For the listing below, return the line containing "Happy New Year Live", the line containing "House People, Vol.", and all lines in between, exactly as written and nothing else.

▸ Provided information
┄┄┄┄┄┄┄┄┄┄┄┄┄┄┄┄┄┄┄┄
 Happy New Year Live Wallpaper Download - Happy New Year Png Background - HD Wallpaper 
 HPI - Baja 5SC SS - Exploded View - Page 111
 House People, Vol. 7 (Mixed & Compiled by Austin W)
┄┄┄┄┄┄┄┄┄┄┄┄┄┄┄┄┄┄┄┄
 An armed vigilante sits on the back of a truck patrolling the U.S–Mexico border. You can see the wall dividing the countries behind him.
┄┄┄┄┄┄┄┄┄┄┄┄┄┄┄┄┄┄┄┄
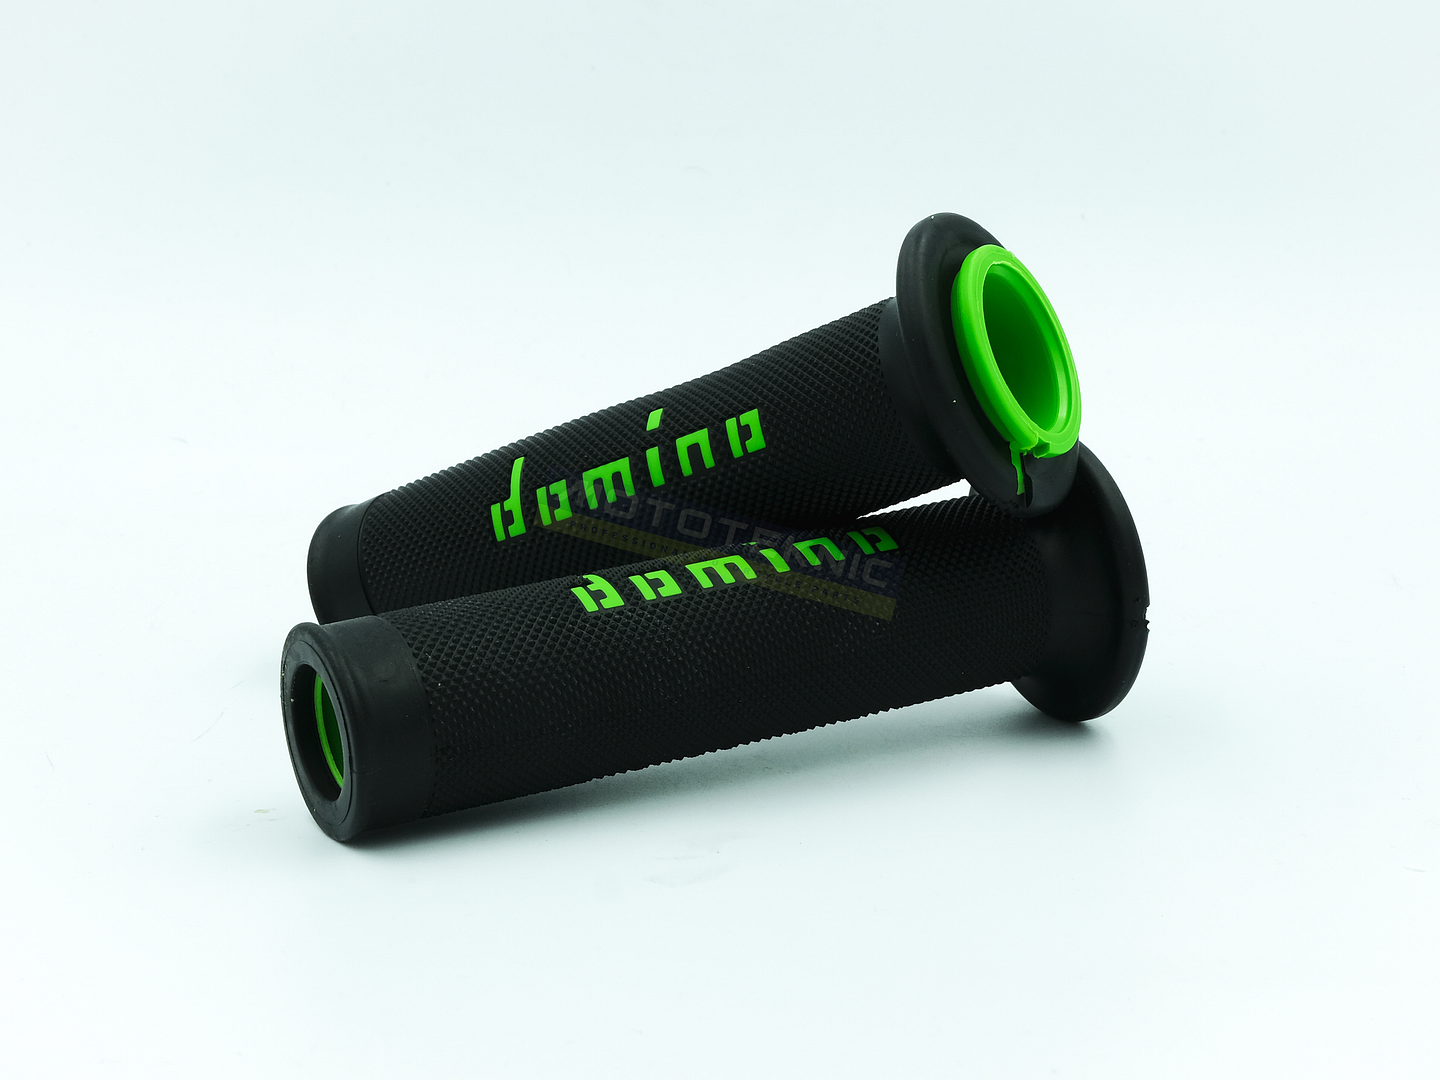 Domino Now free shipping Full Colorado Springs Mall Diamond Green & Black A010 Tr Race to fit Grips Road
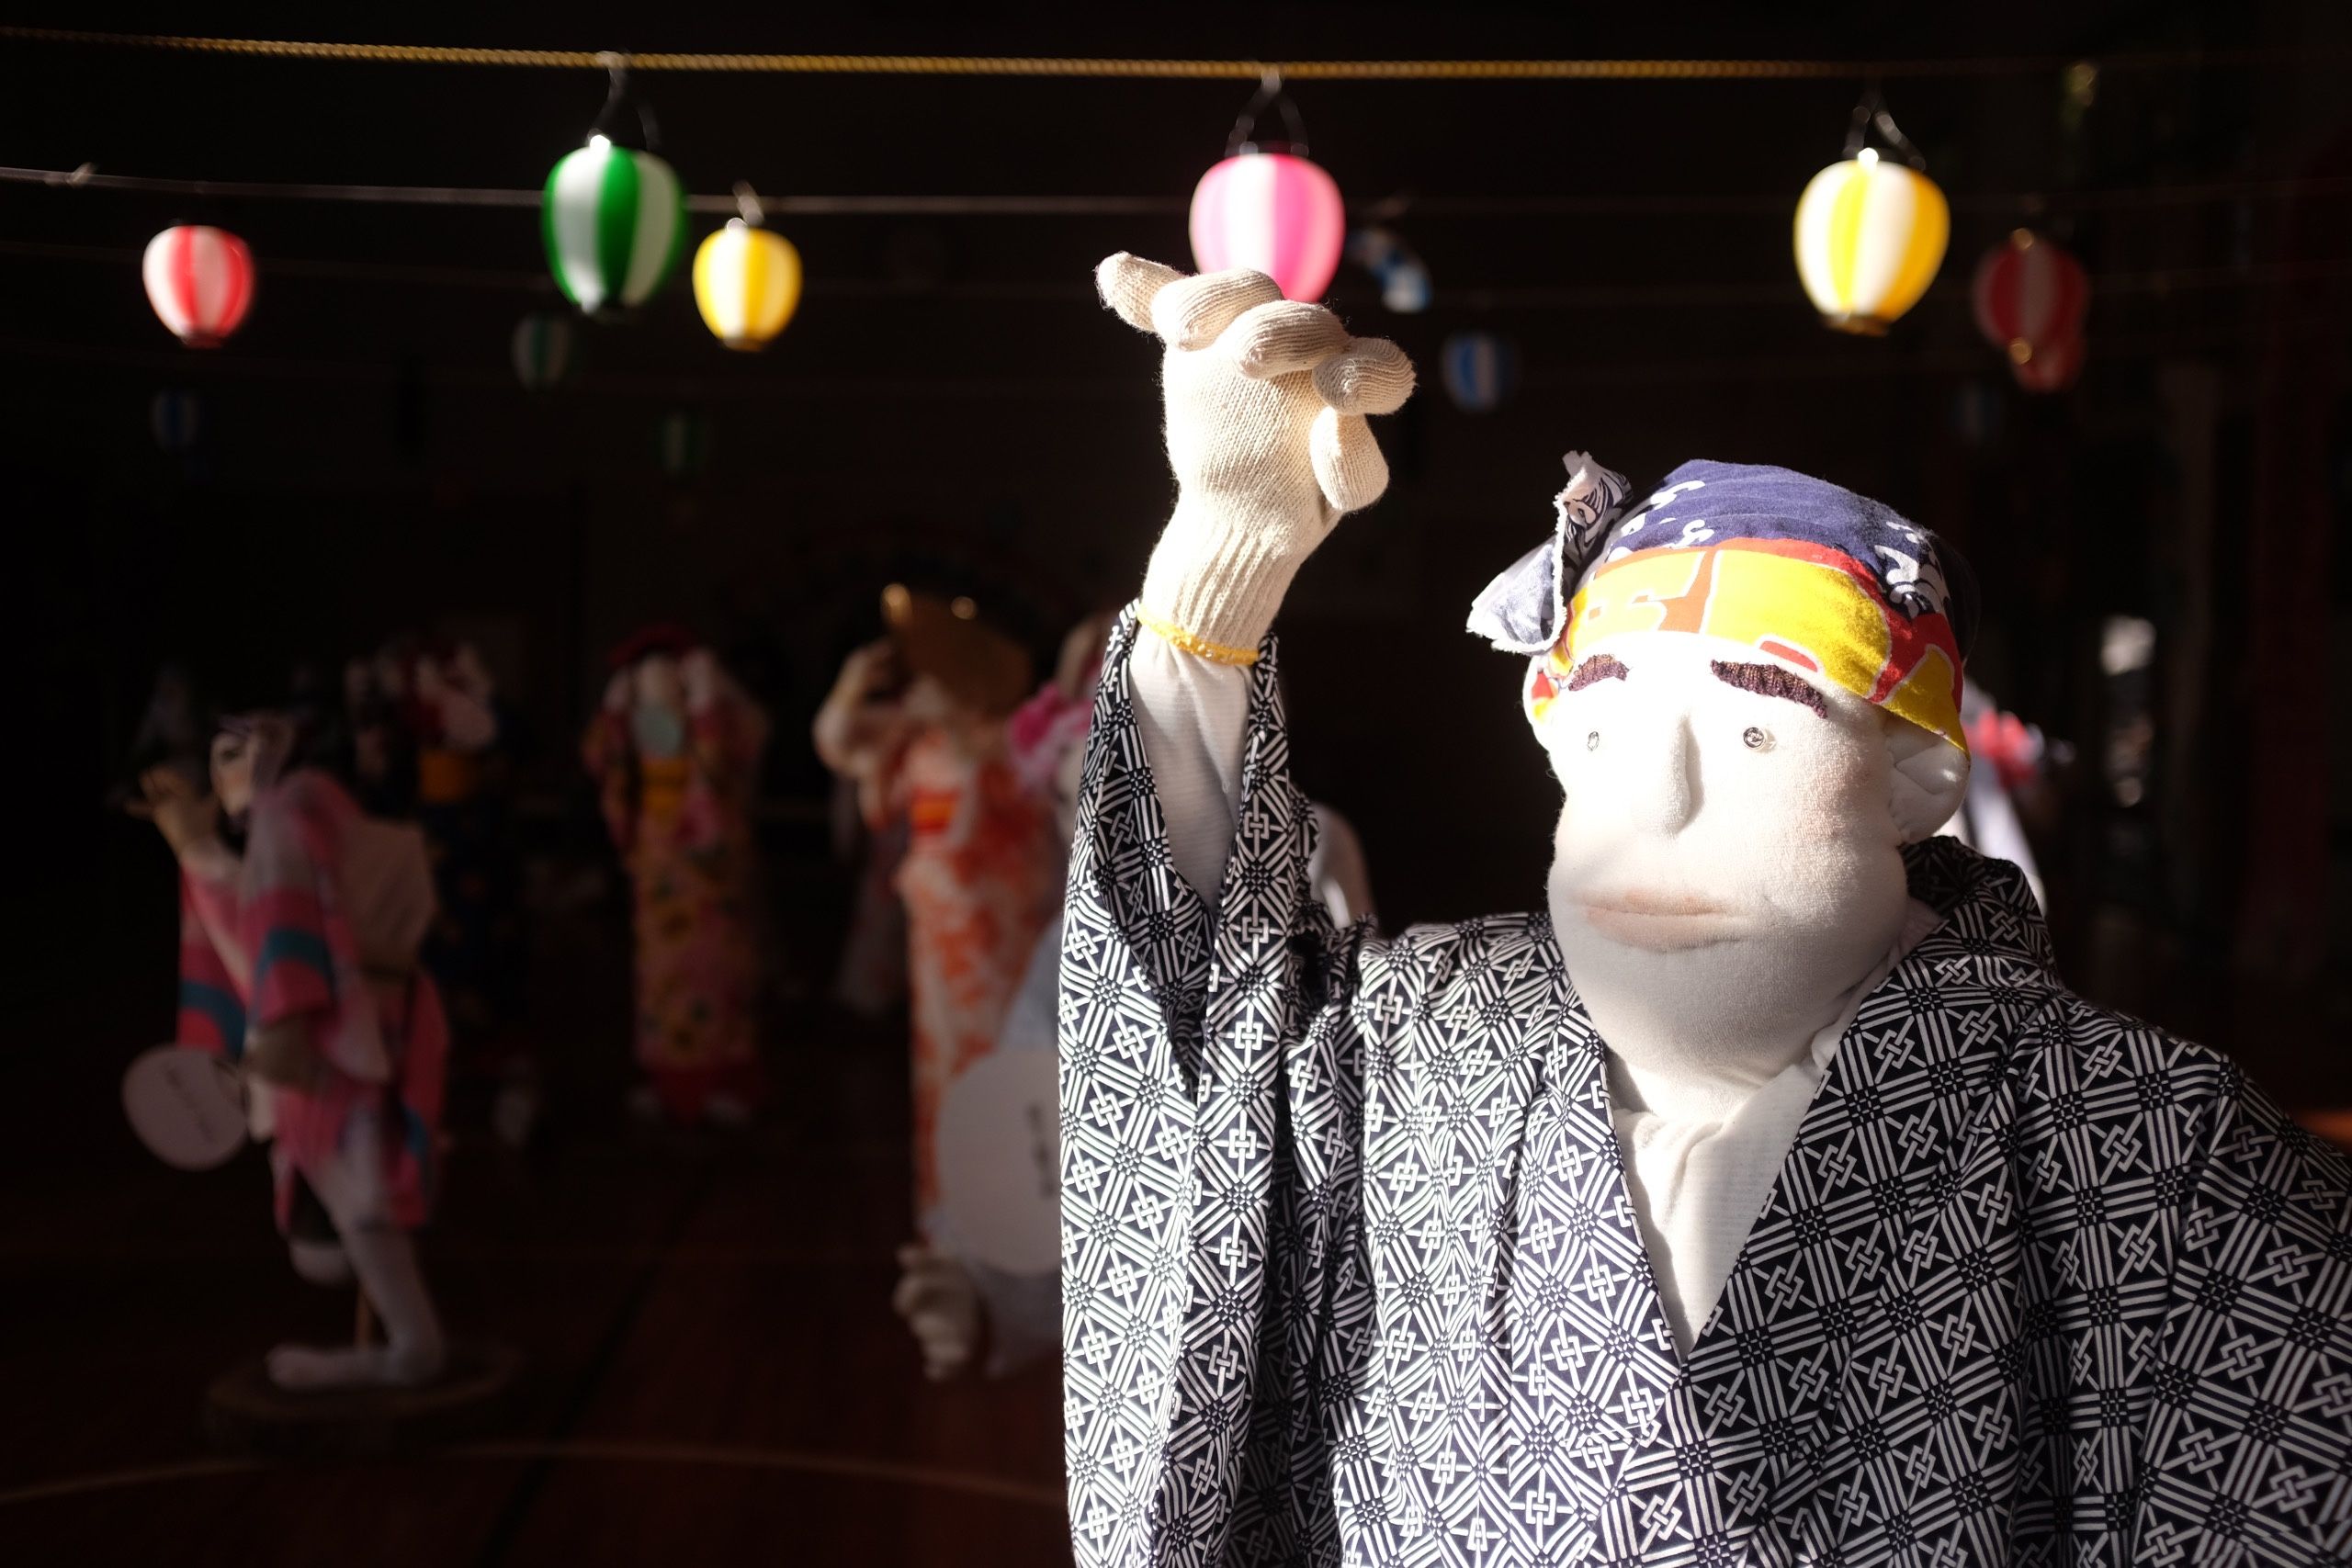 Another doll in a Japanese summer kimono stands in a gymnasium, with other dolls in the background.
┄┄┄┄┄┄┄┄┄┄┄┄┄┄┄┄┄┄┄┄
▸ Your response
 Happy New Year Live Wallpaper Download - Happy New Year Png Background - HD Wallpaper 
 HPI - Baja 5SC SS - Exploded View - Page 111
 House People, Vol. 7 (Mixed & Compiled by Austin W)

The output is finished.